■ **DIRECTIONS FOR THIS TASK**:
All the lines below should be set down exactly, with no picture carried into the copy.

■ **DATASET EXTRACT**:
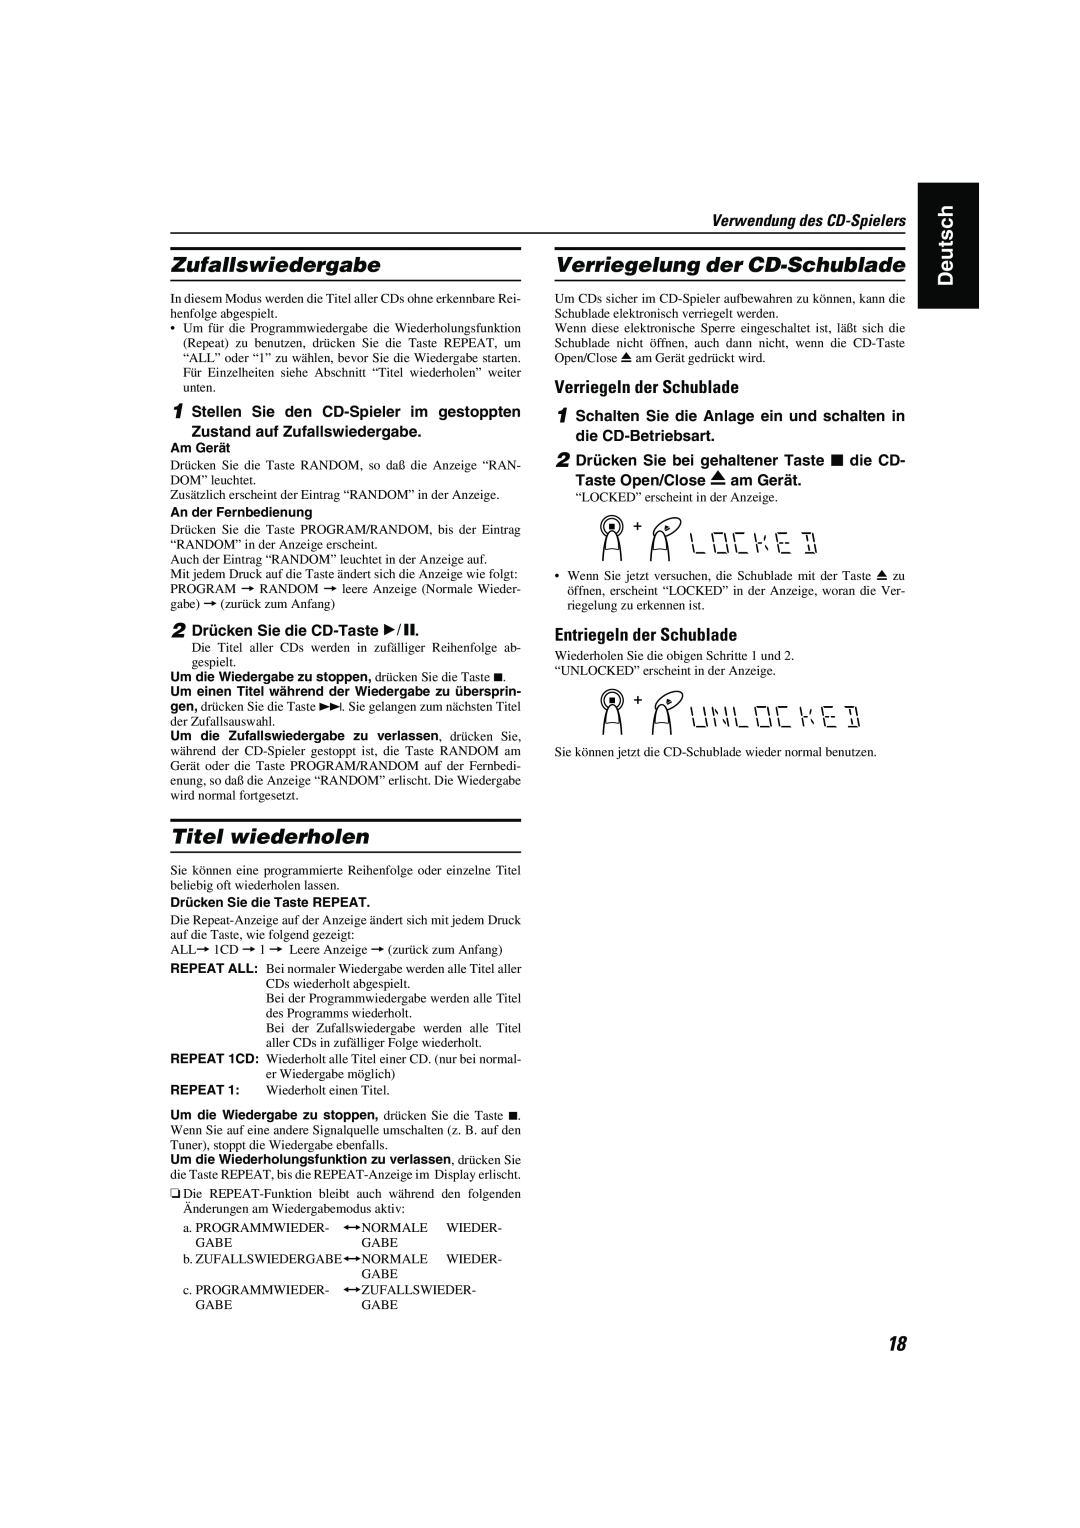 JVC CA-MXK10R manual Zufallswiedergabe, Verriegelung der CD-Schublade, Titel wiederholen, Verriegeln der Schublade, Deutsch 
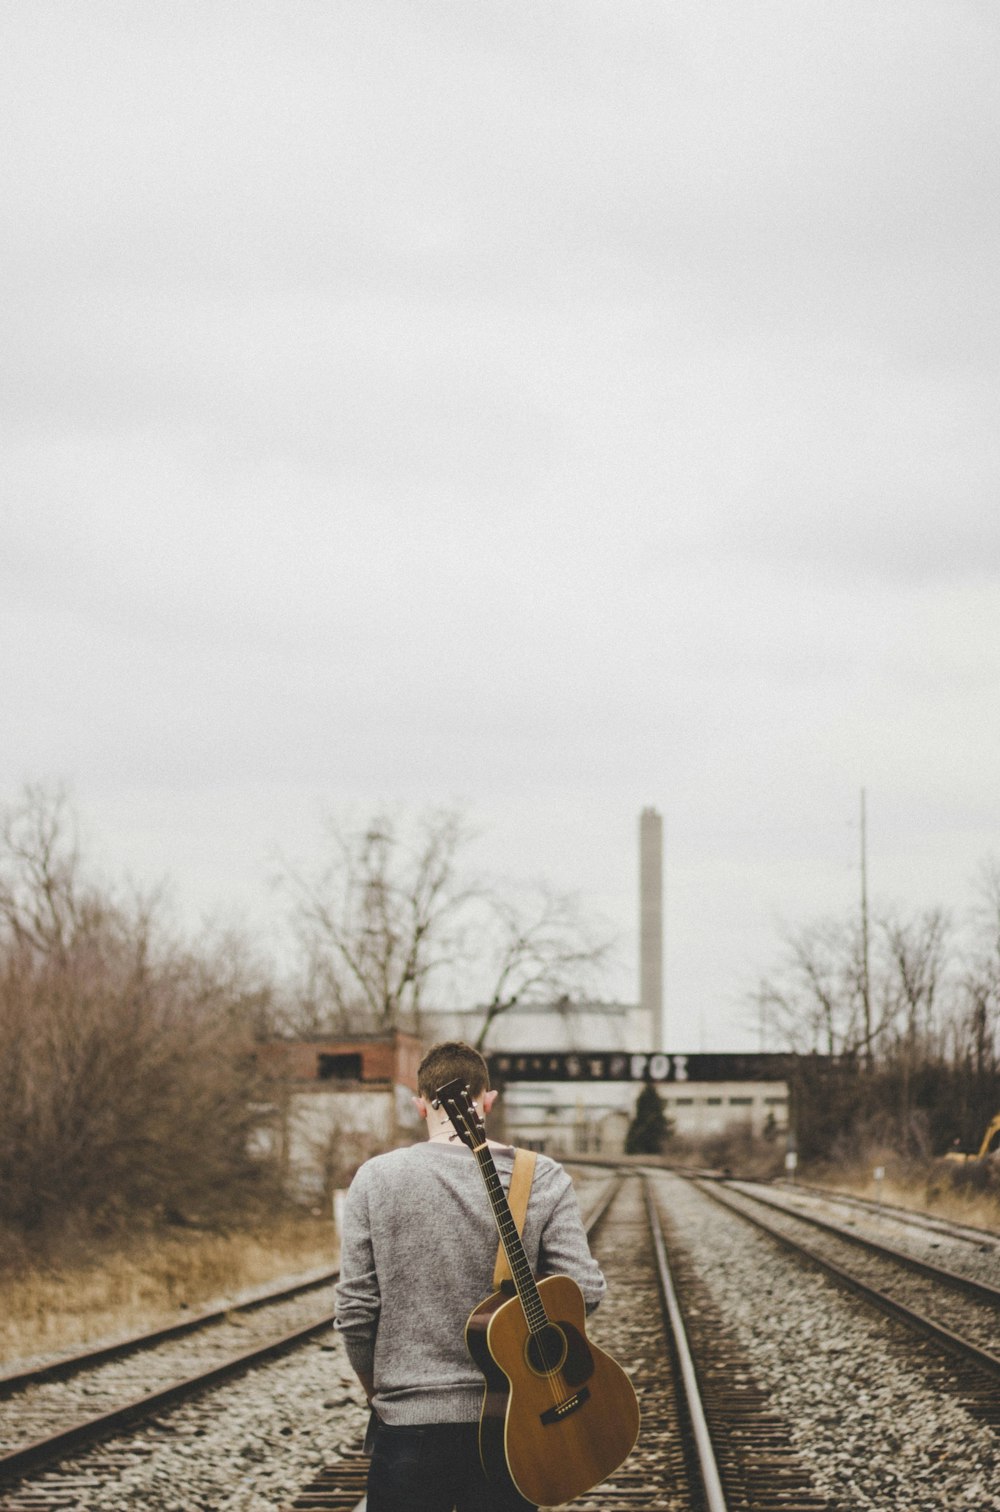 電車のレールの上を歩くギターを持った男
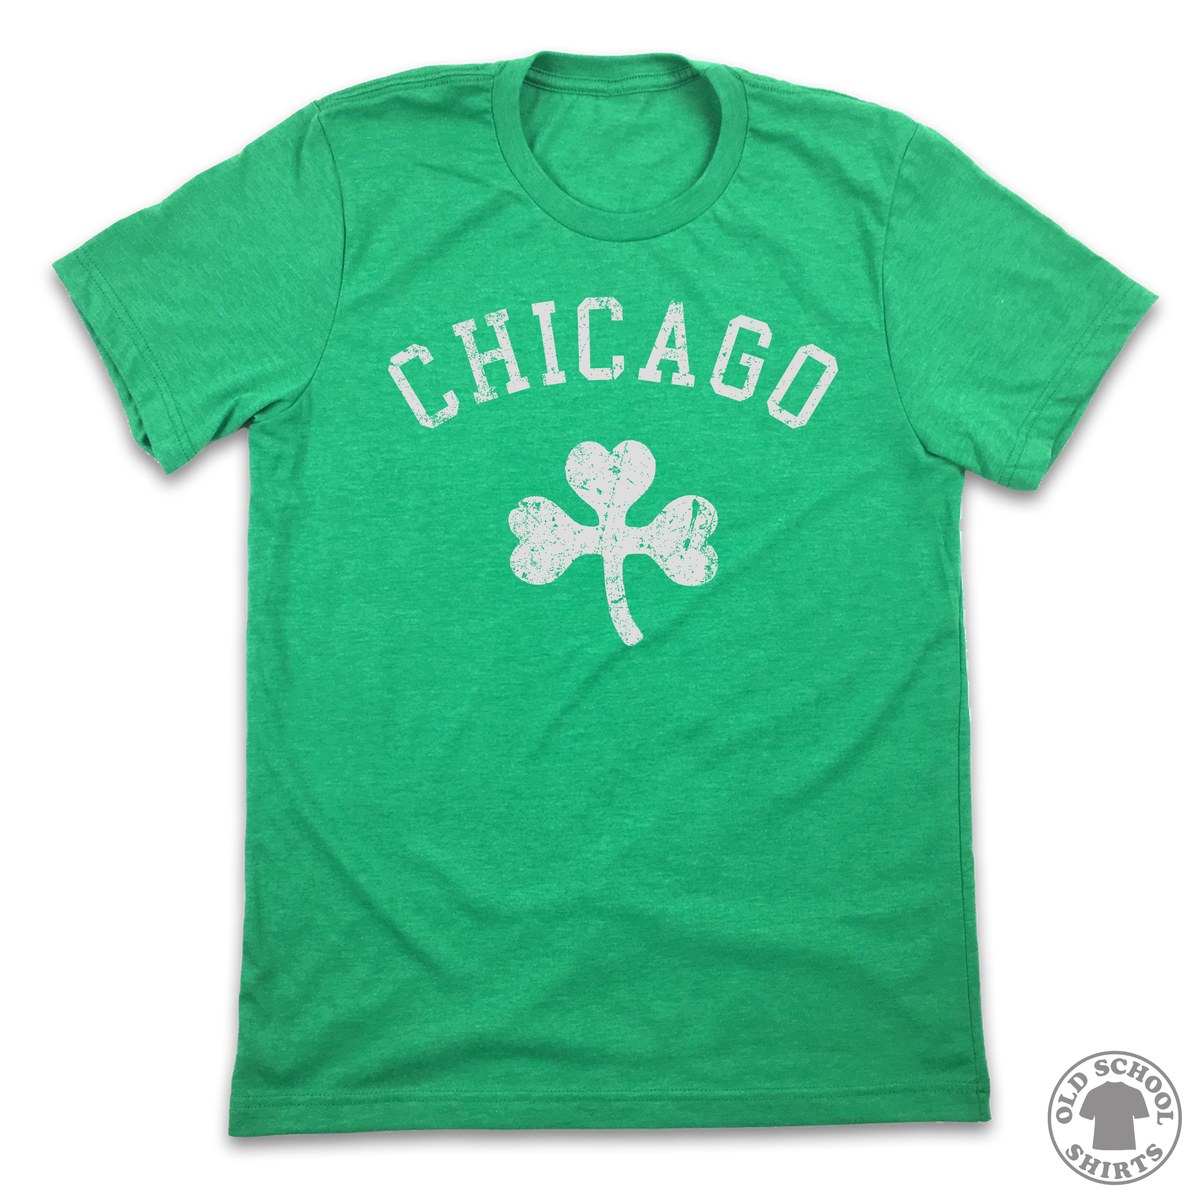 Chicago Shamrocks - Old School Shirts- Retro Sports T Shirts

■ **TASK RESPONSE**:
 JVC CA-MXK10R manual Zufallswiedergabe, Verriegelung der CD-Schublade, Titel wiederholen, Verriegeln der Schublade, Deutsch 
 電車のレールの上を歩くギターを持った男
 Chicago Shamrocks - Old School Shirts- Retro Sports T Shirts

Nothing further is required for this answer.